Now that we have this set of random variables that describes the dependency structure for the 2 distributions, what we need to do next is to convert these variables into their respective distribution’s values. This sounds confusing but is actually really simple.

It’s just a bunch of inverse transforms and cdfs.

[4]:
from scipy.stats import norm

# note that its 0 and 1 because in the multivariate normal distribution, we set the mean and variance
# to 0 and 1 for both the distributions. If we had changed the mean and variance, we just need to alter
# the values accordingly. The scale is standard deviation. So if you used a covariance matrix like
# [[9, 4], [4, 16]], then the scale would be 3 and 4 respectively
x1 = norm(loc=0, scale=1).cdf(rvs[:, 0])
x2 = norm(loc=0, scale=1).cdf(rvs[:, 1])

# remember that CDF converts a value to a number between [0, 1]. Which means the probability of seeing that
# value or less
pd.DataFrame({"x1": x1, "x2": x2}).round(4)
[4]:
x1 x2
0 0.6510 0.1317
1 0.1809 0.0955
2 0.4988 0.8685
3 0.3962 0.1427
4 0.9202 0.0763
5 0.0645 0.3961
6 0.7054 0.0219
7 0.6016 0.6026
8 0.3096 0.4478
9 0.4820 0.0227

After getting this variables between [0, 1], you can then apply the inverse transform to get the distribution’s values.

[5]:
t_rvs = t(df=16, loc=0.05, scale=1.2).ppf(x1)
laplace_rvs = laplace(loc=0.1, scale=1.5).ppf(x2)
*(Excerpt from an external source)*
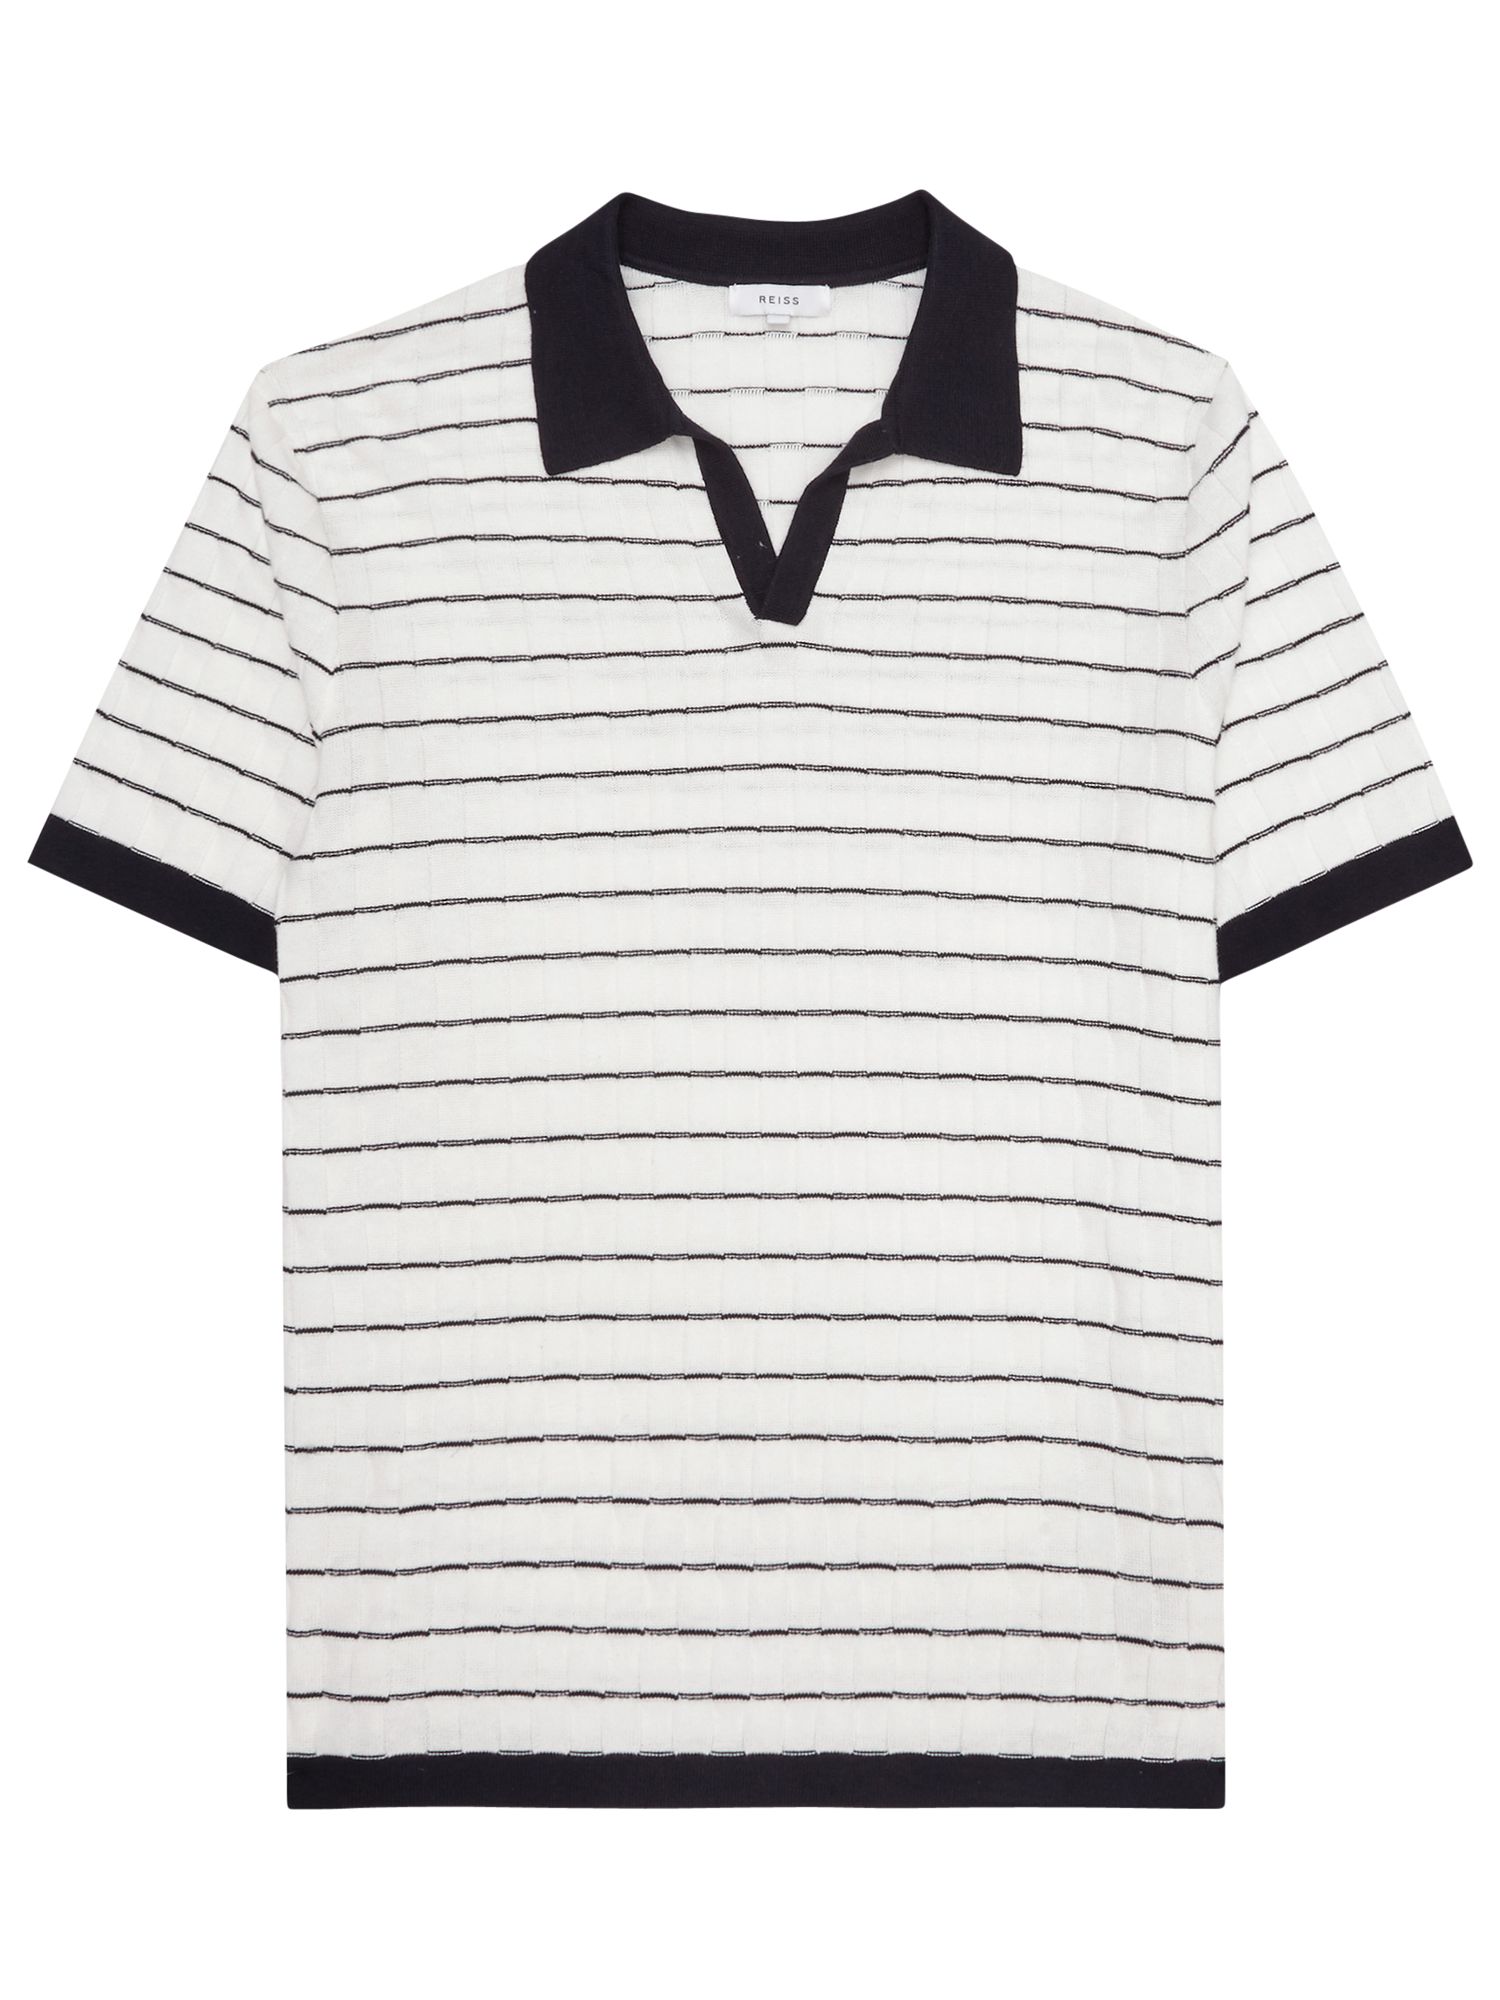 Reiss Martini Textured Stripe Polo Shirt, White/Navy, S

# Returns of Stock A and B in percentage
pd.DataFrame({"A": t_rvs, "B": laplace_rvs}).round(4)
[5]:
A B
0 0.5242 -1.9012
1 -1.0767 -2.3829
2 0.0464 2.1032
3 -0.2712 -1.7811
4 1.8198 -2.7203
5 -1.8710 -0.2494
6 0.7112 -4.5950
7 0.3641 0.4445
8 -0.5581 -0.0654
9 -0.0049 -4.5412

That’s it, that’s how you generate random variables.

Now let’s explore how different this is from a multivariate distribution. However, let’s switch to more extreme distributions to highlight the differences.

[6]:
from scipy.stats import pareto, weibull_min


def plot_extreme_jointplots(rvs):
    x1 = norm(loc=0, scale=1).cdf(rvs[:, 0])
    x2 = norm(loc=0, scale=1).cdf(rvs[:, 1])
    df1 = pd.DataFrame({
        "A": weibull_min(c=0.8, loc=0.05, scale=1.2).ppf(x1),
        "B": pareto(b=4, loc=0.1, scale=1.5).ppf(x2)
    })

    sns.jointplot("A", "B", data=df1, kind='kde', height=8,
                  xlim=(df1.A.min(), 3), ylim=(df1.B.min(), 3))
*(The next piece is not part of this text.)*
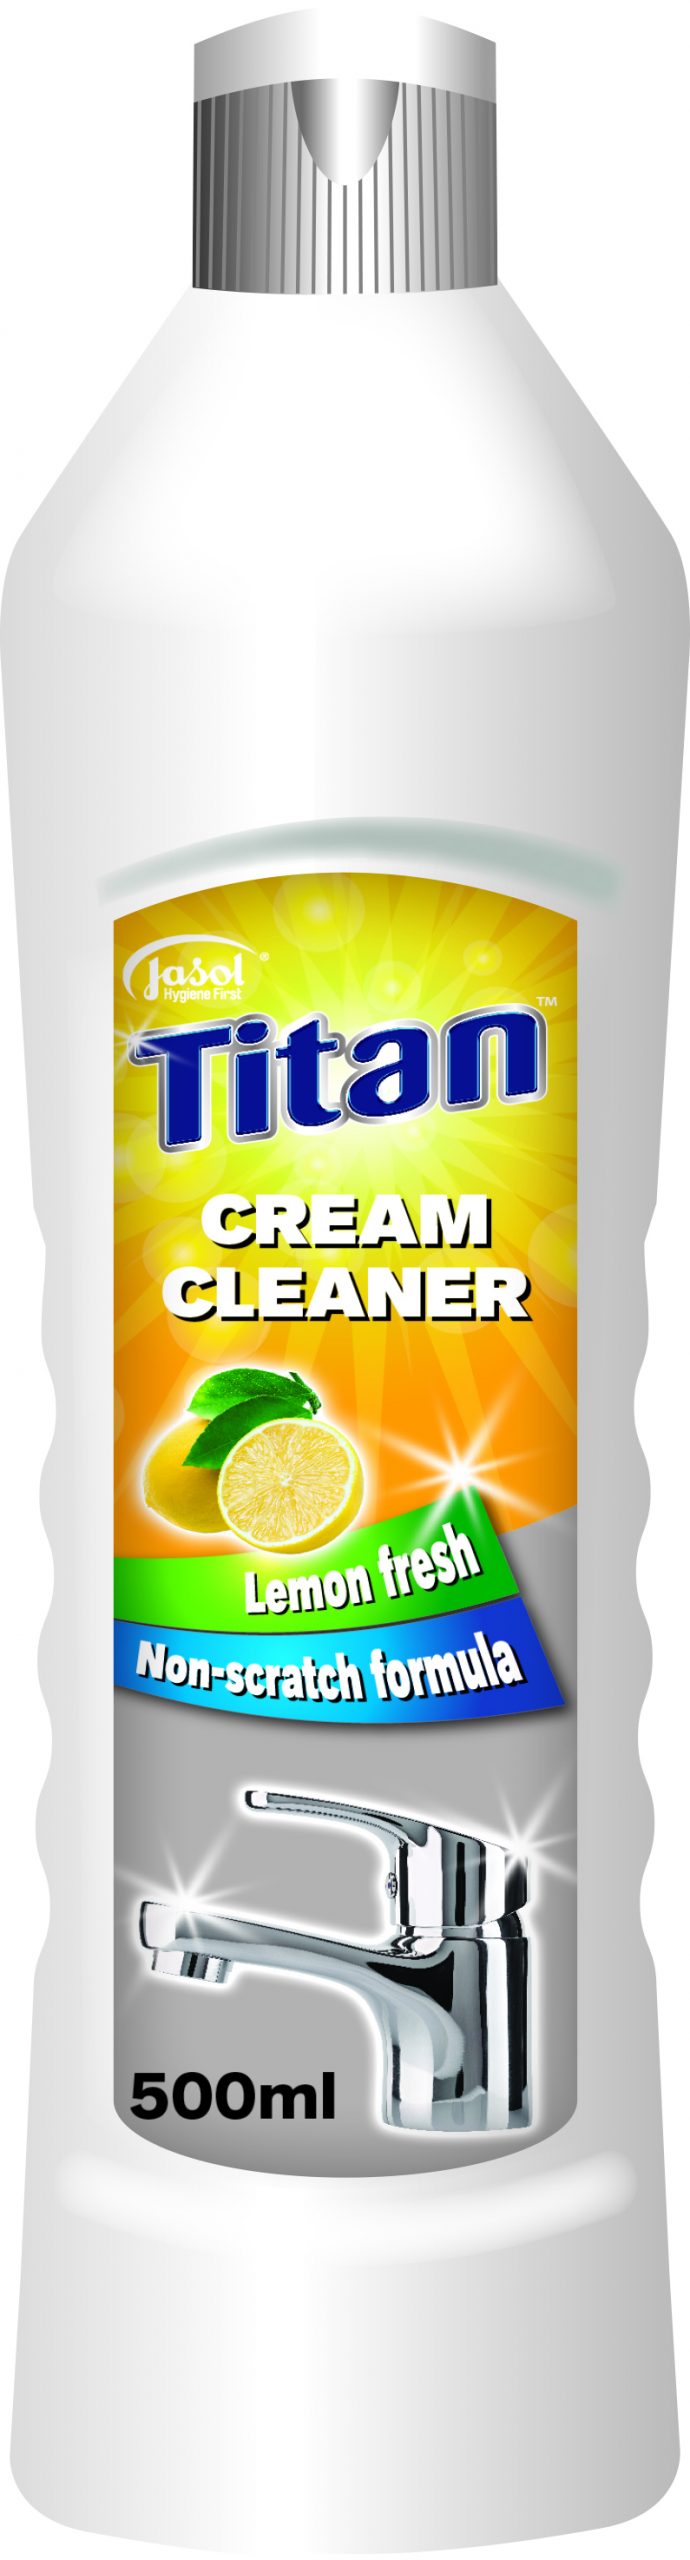 TITAN CREAM CLEANER

def plot_multivariate_normal_jointplots(rvs):
    df1 = pd.DataFrame({
        "A": rvs[:, 0],
        "B": rvs[:, 1]
    })

    sns.jointplot("A", "B", data=df1, kind='kde', height=8)
[ ]:
np.random.seed(888)
rvs = ds.rvs(size=10000)

plot_extreme_jointplots(rvs)
[ ]:
plot_multivariate_normal_jointplots(rvs)

Observe from the two plots above, how we started from a similar dependency structure but somehow got very different joint distributions. This is essentially a copula.

The End

That’s it for this short introduction. Hope it shed some light on how a copula works. It’s a pretty high level overview and ignores a lot of math. I hope to be able to write a more precise document on it in the near future (barring any work commitments 😩).

But more than that, I also hope to write some example use-cases. I find that running through (pseudo) real-world practical examples is usually a better pedagogical tool after all. Till then.